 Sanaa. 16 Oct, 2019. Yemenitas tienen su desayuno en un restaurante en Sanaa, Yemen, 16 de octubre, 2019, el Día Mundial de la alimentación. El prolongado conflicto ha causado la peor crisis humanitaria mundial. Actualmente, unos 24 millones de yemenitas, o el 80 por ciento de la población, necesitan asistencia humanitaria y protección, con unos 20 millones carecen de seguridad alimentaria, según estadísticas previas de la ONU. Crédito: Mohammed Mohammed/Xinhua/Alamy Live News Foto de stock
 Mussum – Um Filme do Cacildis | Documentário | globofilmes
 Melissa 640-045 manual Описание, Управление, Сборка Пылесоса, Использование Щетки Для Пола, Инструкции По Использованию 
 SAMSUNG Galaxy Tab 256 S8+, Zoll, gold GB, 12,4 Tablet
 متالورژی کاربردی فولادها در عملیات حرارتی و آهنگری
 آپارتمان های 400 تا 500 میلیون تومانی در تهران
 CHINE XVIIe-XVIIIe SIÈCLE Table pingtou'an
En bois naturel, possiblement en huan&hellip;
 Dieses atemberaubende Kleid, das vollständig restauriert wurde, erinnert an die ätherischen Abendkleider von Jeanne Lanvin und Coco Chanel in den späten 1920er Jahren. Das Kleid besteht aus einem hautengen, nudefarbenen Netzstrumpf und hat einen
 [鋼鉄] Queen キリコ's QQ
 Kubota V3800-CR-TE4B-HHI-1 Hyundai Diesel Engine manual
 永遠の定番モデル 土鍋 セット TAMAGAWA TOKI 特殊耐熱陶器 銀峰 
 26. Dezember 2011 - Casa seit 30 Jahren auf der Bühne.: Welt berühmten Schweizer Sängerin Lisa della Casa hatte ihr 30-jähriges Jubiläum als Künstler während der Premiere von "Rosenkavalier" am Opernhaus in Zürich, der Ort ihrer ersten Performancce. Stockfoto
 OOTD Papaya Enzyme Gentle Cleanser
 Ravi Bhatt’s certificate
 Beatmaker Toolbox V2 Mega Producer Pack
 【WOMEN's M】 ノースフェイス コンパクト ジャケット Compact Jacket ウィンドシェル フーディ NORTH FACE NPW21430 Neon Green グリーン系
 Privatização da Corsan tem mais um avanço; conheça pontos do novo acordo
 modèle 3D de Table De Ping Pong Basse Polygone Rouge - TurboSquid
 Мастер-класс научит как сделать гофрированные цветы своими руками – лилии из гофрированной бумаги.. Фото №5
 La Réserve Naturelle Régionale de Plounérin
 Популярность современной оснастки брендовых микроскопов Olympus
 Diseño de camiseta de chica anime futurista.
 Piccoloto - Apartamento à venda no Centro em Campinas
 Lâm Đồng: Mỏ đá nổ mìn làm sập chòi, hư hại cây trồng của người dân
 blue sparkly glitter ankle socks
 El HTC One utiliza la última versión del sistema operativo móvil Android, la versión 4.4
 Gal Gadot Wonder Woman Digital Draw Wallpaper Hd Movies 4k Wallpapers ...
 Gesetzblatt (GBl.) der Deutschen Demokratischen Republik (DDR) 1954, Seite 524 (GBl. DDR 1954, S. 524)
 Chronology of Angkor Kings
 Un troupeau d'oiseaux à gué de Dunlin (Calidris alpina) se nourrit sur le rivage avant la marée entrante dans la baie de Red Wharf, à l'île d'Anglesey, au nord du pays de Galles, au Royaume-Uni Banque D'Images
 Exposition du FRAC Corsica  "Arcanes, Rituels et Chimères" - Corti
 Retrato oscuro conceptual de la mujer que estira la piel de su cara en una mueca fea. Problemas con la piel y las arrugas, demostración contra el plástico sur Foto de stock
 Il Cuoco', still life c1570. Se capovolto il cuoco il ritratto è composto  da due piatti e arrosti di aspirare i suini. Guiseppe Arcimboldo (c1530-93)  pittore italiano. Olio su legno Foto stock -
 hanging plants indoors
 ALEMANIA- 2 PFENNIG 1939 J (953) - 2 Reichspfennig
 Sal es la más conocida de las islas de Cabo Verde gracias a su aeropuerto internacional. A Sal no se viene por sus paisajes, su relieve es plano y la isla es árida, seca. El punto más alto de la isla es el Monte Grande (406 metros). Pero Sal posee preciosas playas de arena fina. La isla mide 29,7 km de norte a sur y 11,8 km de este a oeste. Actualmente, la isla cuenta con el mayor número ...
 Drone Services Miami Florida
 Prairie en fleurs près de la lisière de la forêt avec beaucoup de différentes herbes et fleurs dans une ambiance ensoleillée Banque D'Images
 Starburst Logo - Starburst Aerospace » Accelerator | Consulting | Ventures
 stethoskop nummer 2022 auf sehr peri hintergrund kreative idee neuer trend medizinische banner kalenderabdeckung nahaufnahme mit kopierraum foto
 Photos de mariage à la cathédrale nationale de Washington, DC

▶ [AIM OF THE EXERCISE] Set down again, word for word, the stretch of records from the line with "Un troupeau d'oiseaux" to the line with "Retrato oscuro conceptual", both of those lines included.

▶ [OUTPUT BELOW]
 Un troupeau d'oiseaux à gué de Dunlin (Calidris alpina) se nourrit sur le rivage avant la marée entrante dans la baie de Red Wharf, à l'île d'Anglesey, au nord du pays de Galles, au Royaume-Uni Banque D'Images
 Exposition du FRAC Corsica  "Arcanes, Rituels et Chimères" - Corti
 Retrato oscuro conceptual de la mujer que estira la piel de su cara en una mueca fea. Problemas con la piel y las arrugas, demostración contra el plástico sur Foto de stock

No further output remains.